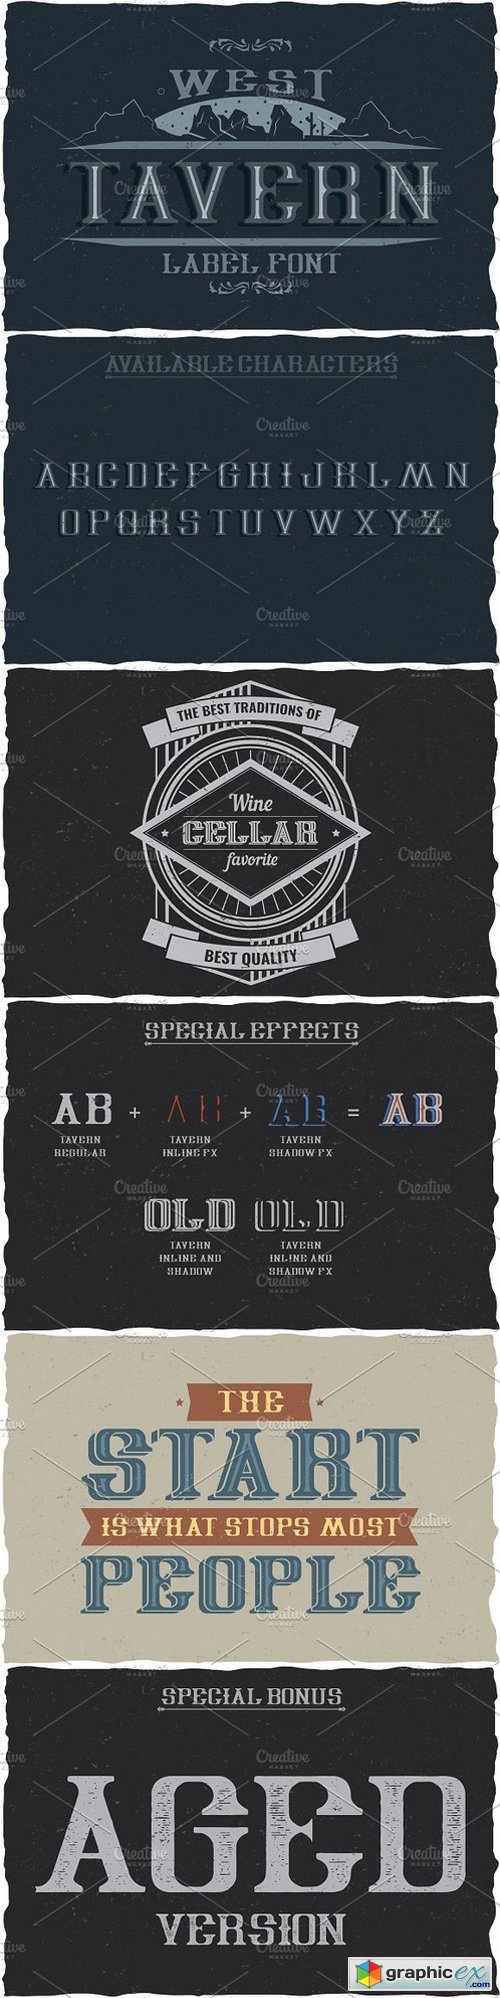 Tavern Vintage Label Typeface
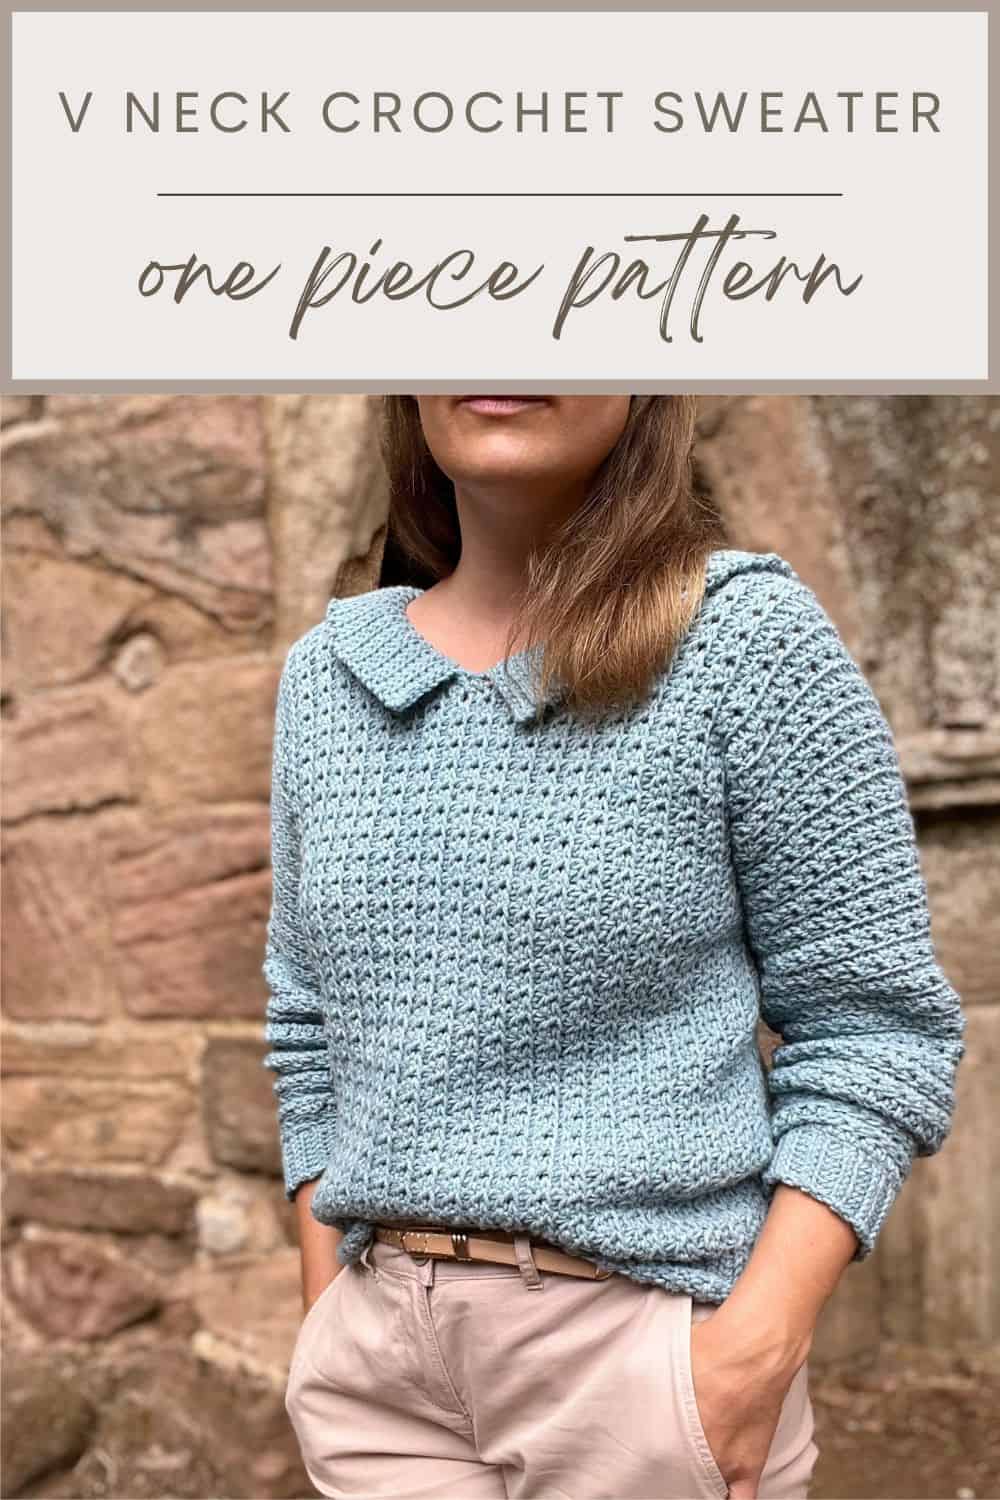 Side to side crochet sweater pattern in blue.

--

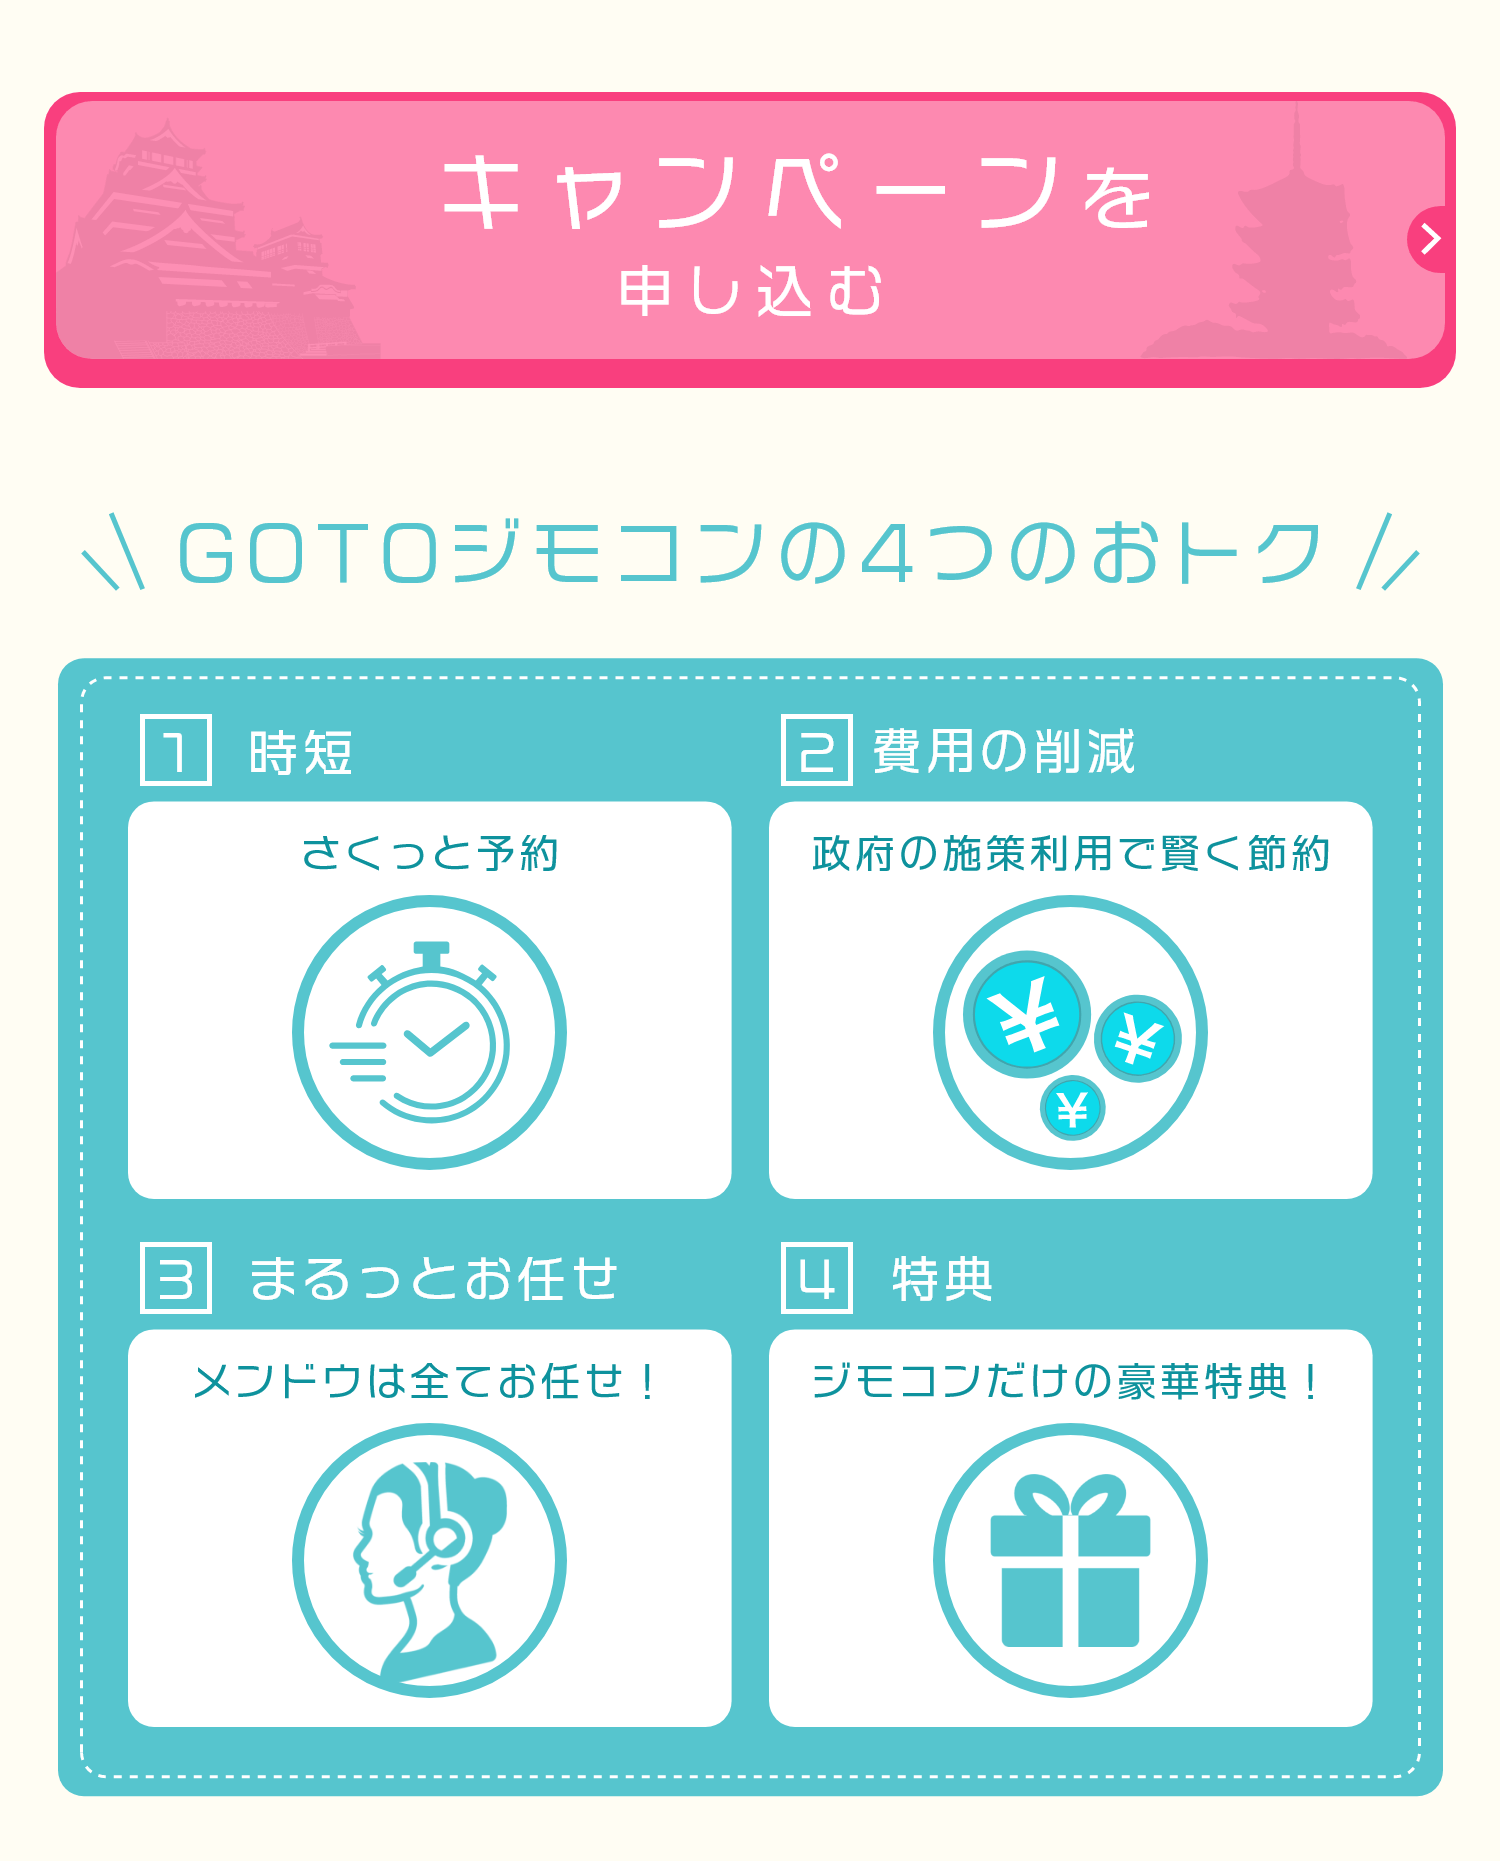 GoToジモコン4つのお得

* * *

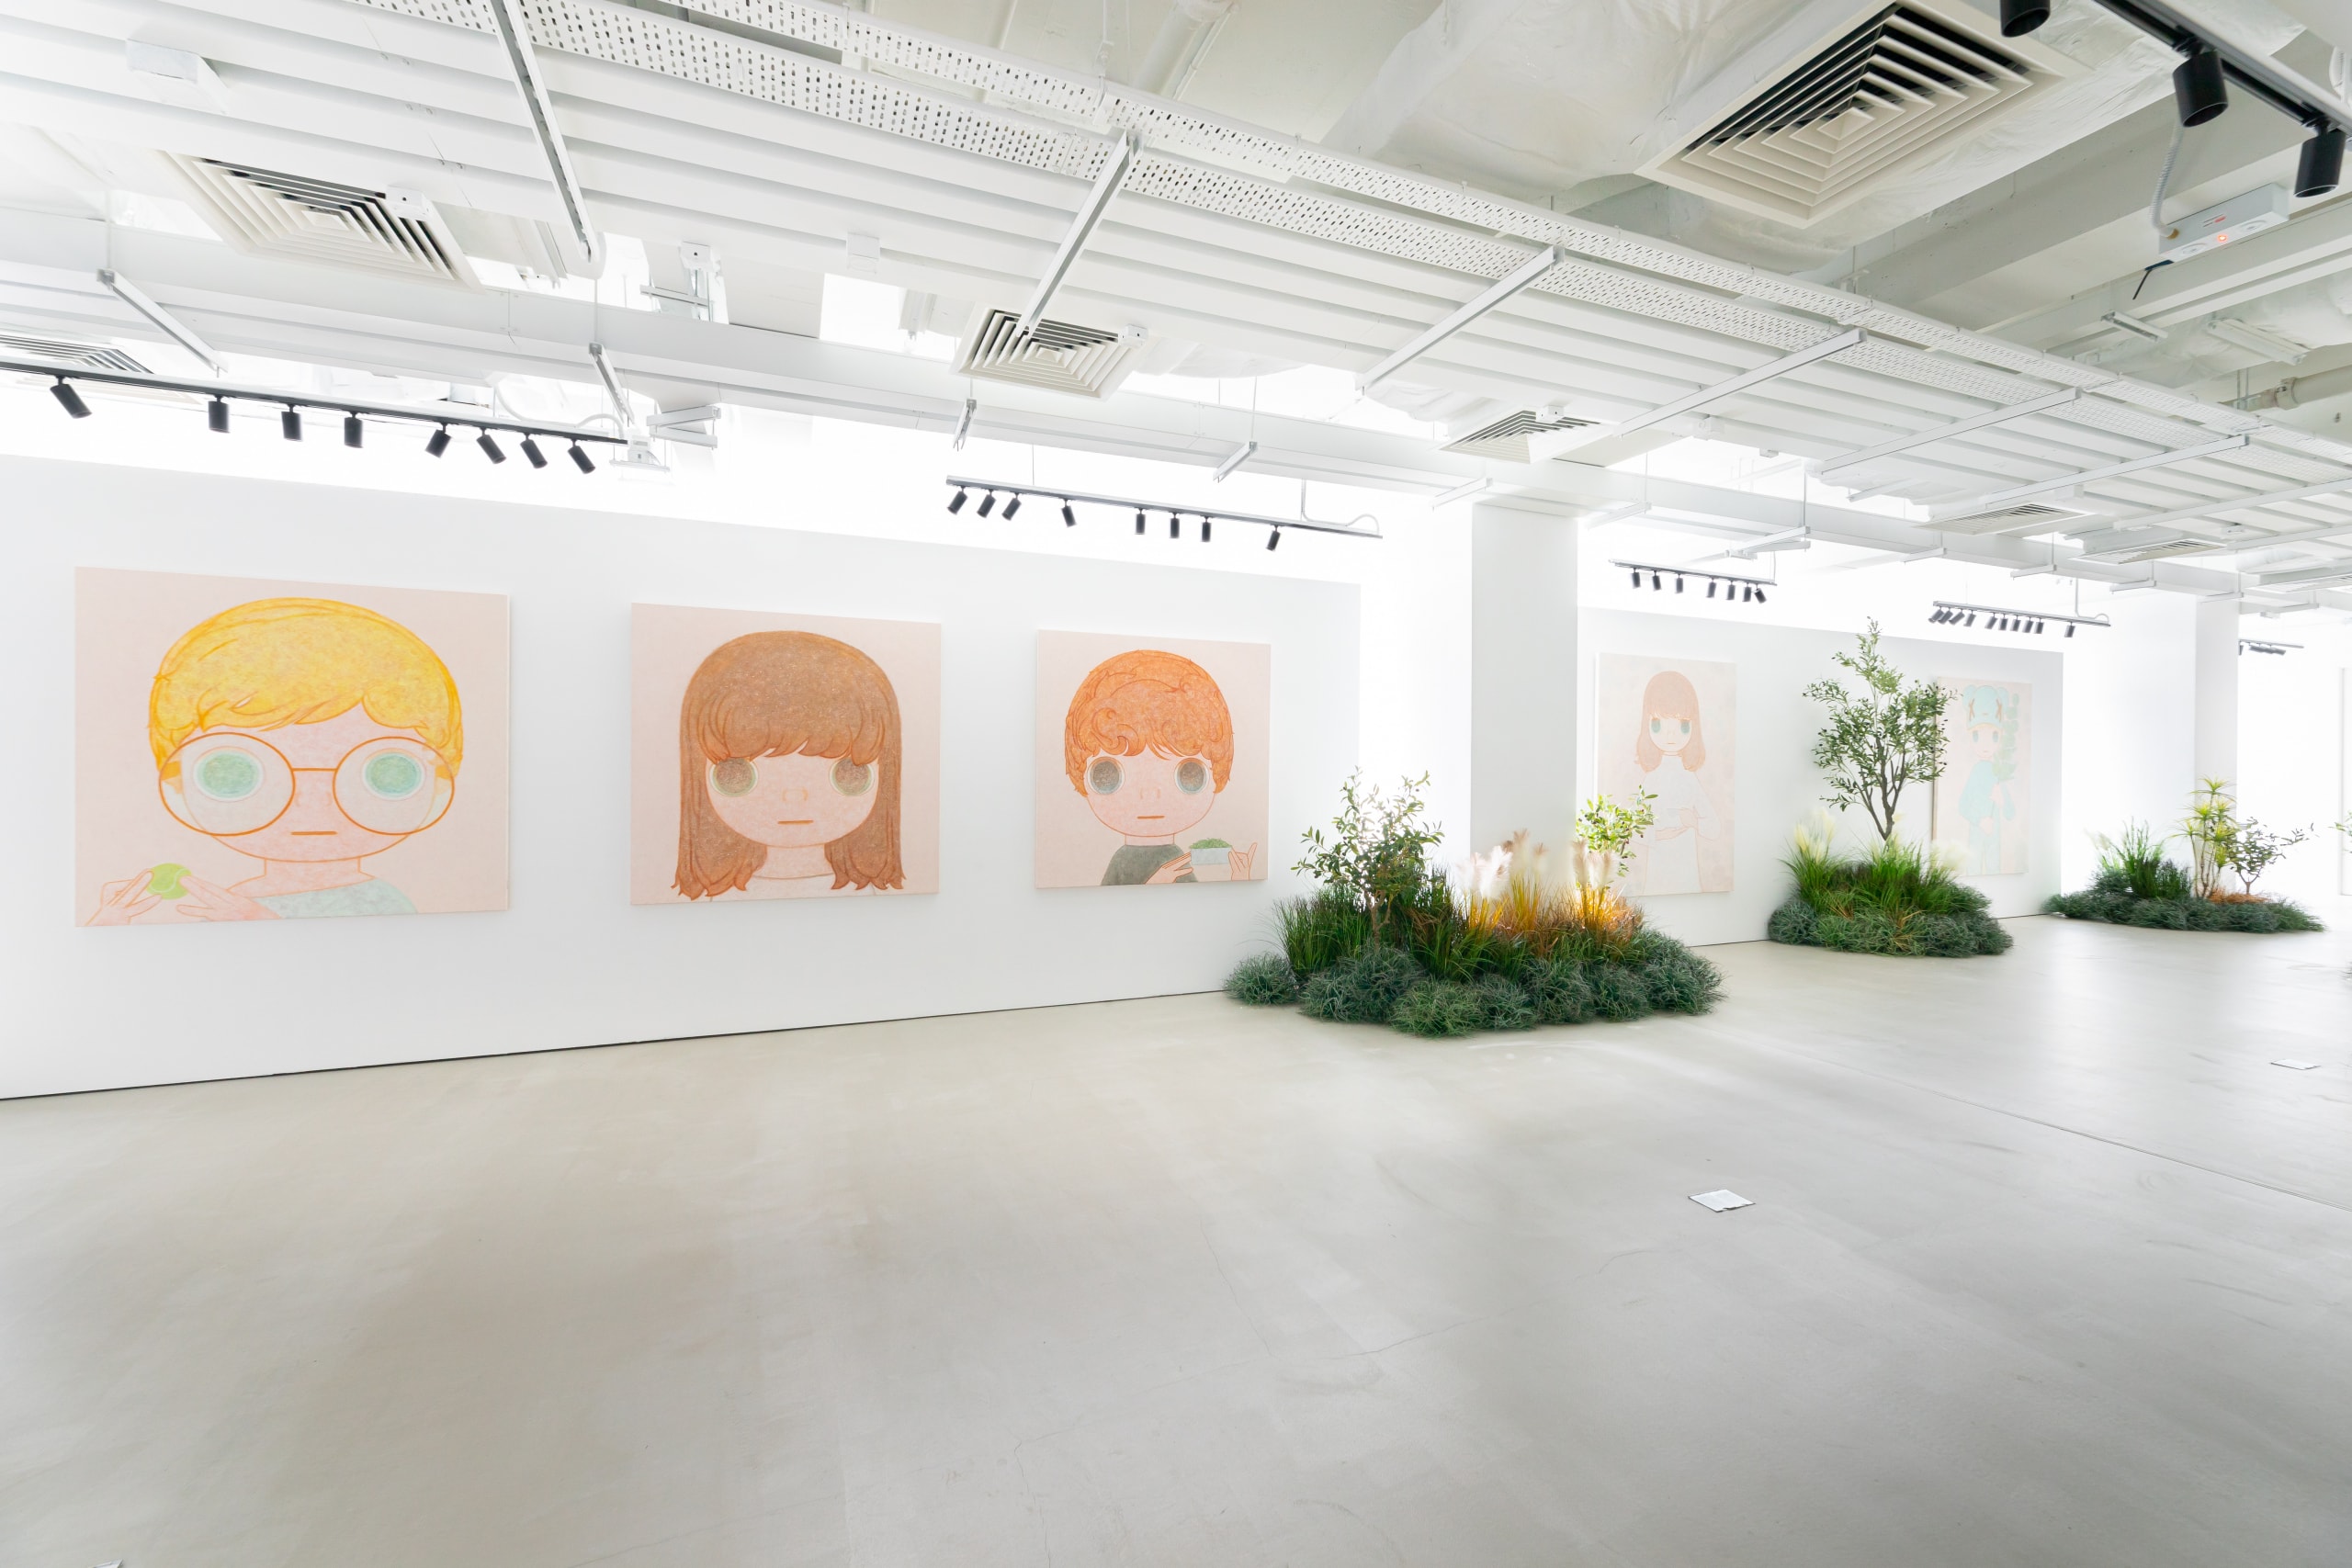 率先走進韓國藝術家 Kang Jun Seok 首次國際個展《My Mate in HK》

◆ WHAT YOU SHOULD DO: Beginning with the line above that contains "Tavern Vintage Label Typeface" and finishing with the line that contains "Side to side", print those lines exactly and only. Skip all pictures.

◆ COMPLETED EXERCISE:
 Tavern Vintage Label Typeface
 Side to side crochet sweater pattern in blue.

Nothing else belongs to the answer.